Os caminhos metodológicos empregados para alcançar os objetivos desta pesquisa comungam do pensamento de Delory-Momberger (2008). Ao estabelecer aspectos teórico-metodológicos concernentes à biografia, a autora entende que a narrativa consiste em trazer o movimento da vida, contando como um ser se tornou o que ele é. A partir do momento em que a pessoa narra a sua história para o pesquisador, podemos denominá-la como uma biografia. Delory-Momberger (2012) afirma que:

A postura específica da pesquisa biográfica é a de mostrar como a inscrição forçosamente singular da experiência individual em um tempo biográfico se situa na origem de uma percepção e de uma elaboração peculiar dos espaços da vida social (DELORY- MOMBERGER, 2012, p. 524).

De acordo com a autora, qualquer que seja o quadro ou o campo de estudo mobilizado, a finalidade da entrevista é mesmo colher e ouvir, em sua singularidade, a fala de uma pessoa num momento X de sua existência e de sua experiência (DELORY-MOMBERGER, 2012, p. 526).

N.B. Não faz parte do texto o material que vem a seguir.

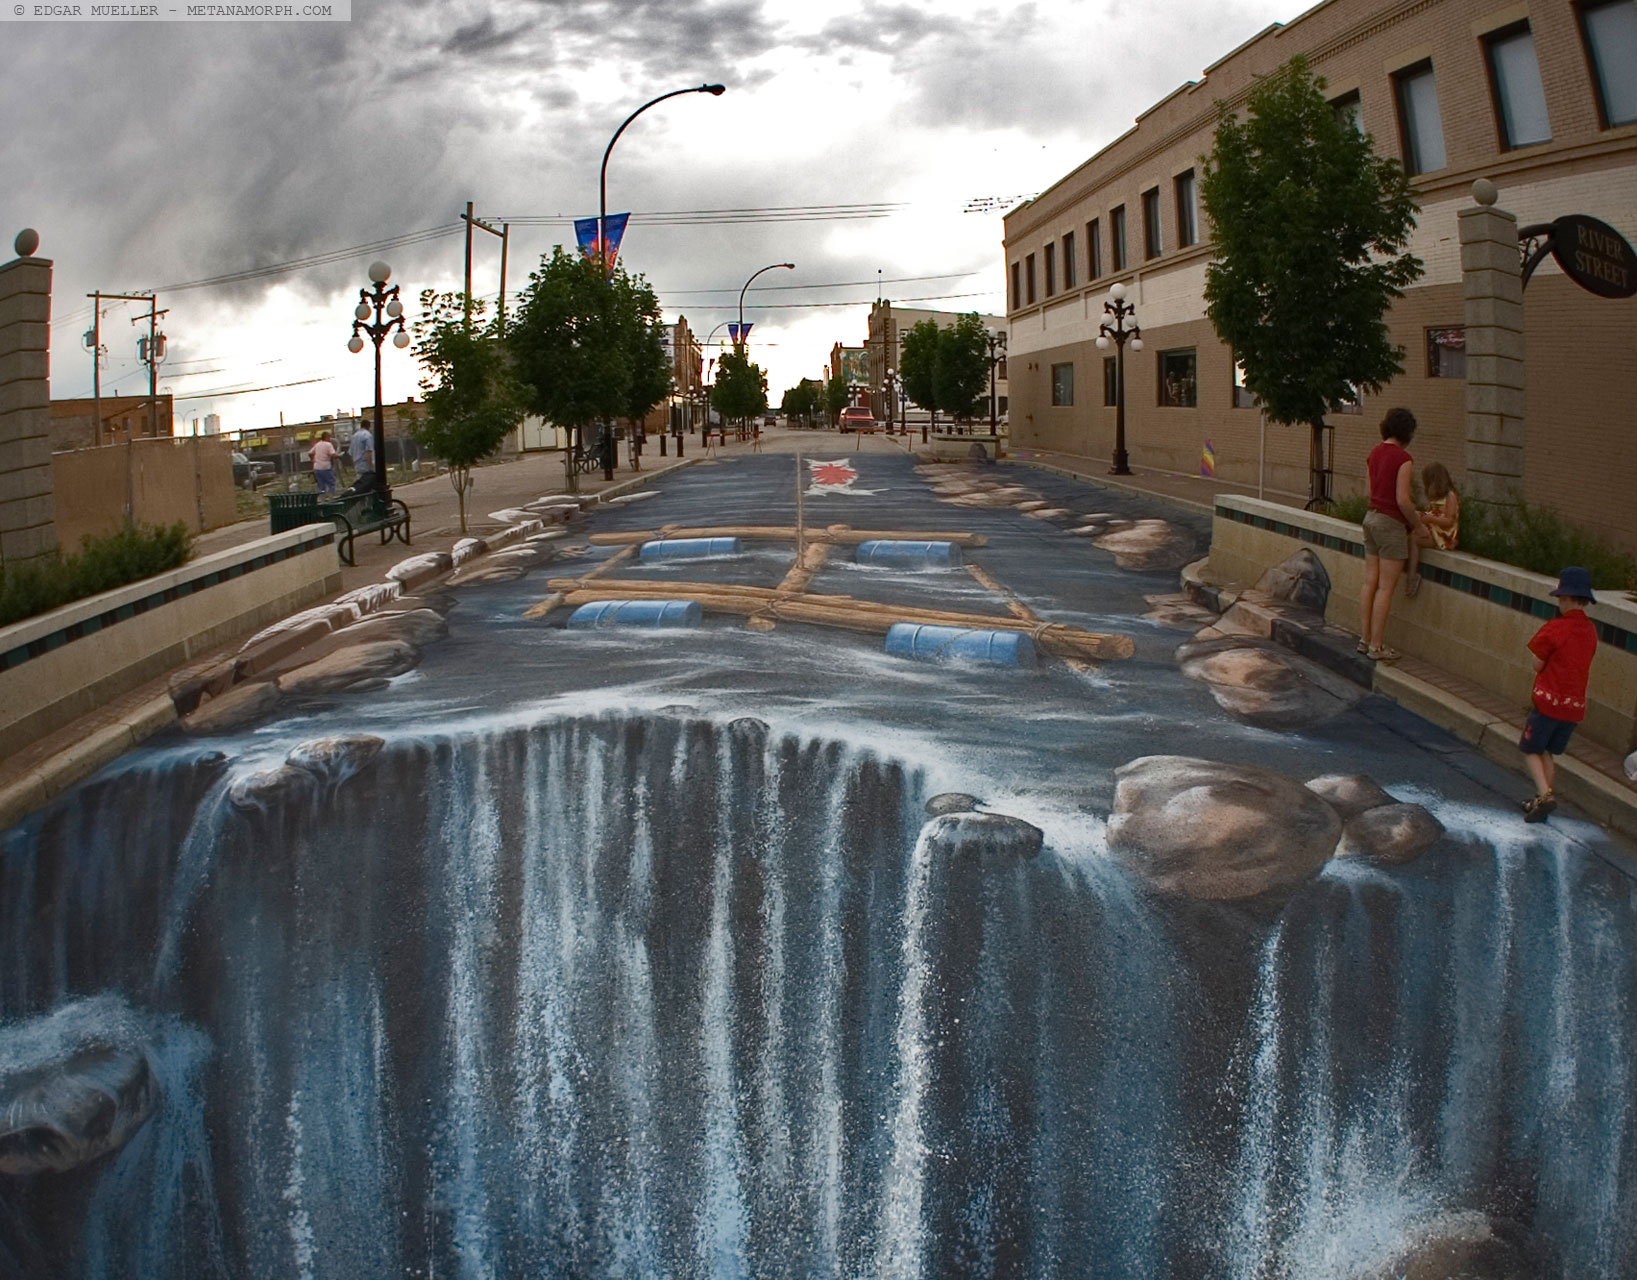 Edgar Müller - 3D sidewalk art 3

Portanto, ao narrar-se o sujeito está compondo sua própria história, à sua maneira, com sua linguagem e visão de mundo (ABRAHÃO, 2012, p.59).

Na área de educação musical, as pesquisas que se utilizam da autobiografia têm possibilitado ampliar questões teórico-metodológicas relacionadas à produção da área de educação musical no Brasil: Histórias de vida contada pelo maestro Levino Ferreira de Alcântara (ABREU, 2014); Memórias musicais como formas de trazer as subjetividades narradas por acadêmicos dos cursos de Bacharelado e

Licenciatura em Dança na Universidade Federal de Santa Maria (TEIXEIRA E LOURO, 2014); Potência teórica e a riqueza compreensiva da abordagem (auto)biográfica no estudo dos processos narrativos no campo da Educação Musical (MAFFIOLETTI; ABRAHÃO, 2014); Narrativas de experiências musicais de jovens indígenas (SILVA, 2014); Modos de constituir experiências musicais de Jovens indígenas (SILVA, 2014); Escritas de diários digitais de professores de música para análise de suas trajetórias de formação profissional (LOURO; RAPÔSO, 2014); Narrativas de formação de professores iniciantes na docência (GAULKER, 2013); Narrativas de experiências musicais de crianças (PEDRINI, 2013); Narrativas de profissionalização em música (ABREU, 2012; 2011); Pesquisa narrativa nos Grupos de Pesquisa (LOURO, et al. 2010); Narrativas orais e escritas de alunas professoras (TORRES, 2003).

De acordo com Souza (2007), as pesquisas como fontes autobiográficas conferem um estatuto teórico-metodológico para uma compreensão das práticas educativas e escolares. Assim, as narrativas de alunos indígenas do CRMB se inscrevem numa perspectiva da educação musical escolar indígena.

A pesquisa autobiográfica consiste em compreender os significados daquilo que o indivíduo narra de sua história (GAULKE, 2013, p. 24). Portanto, dar possibilidades de enxergarem as histórias de vida de jovens indígenas, justificável pelos sujeitos, objetos da pesquisa, nos leva a compreender as problemáticas existentes, neste caso, na educação musical escolar indígena. No caso da educação musical (Abreu, 2011, p. 25) diz que, “a pesquisa autobiográfica em educação musical se inscreve na condição humana de um sujeito que conta, por meio de sua relação com música, o que ele é, ou poderá vir a ser” (ABREU, 2014, p.75). Portanto, ao contar suas experiências musicais, os colaboradores desta pesquisa narram os sentidos e significados que a música teve, tem e poderá ter em suas vidas.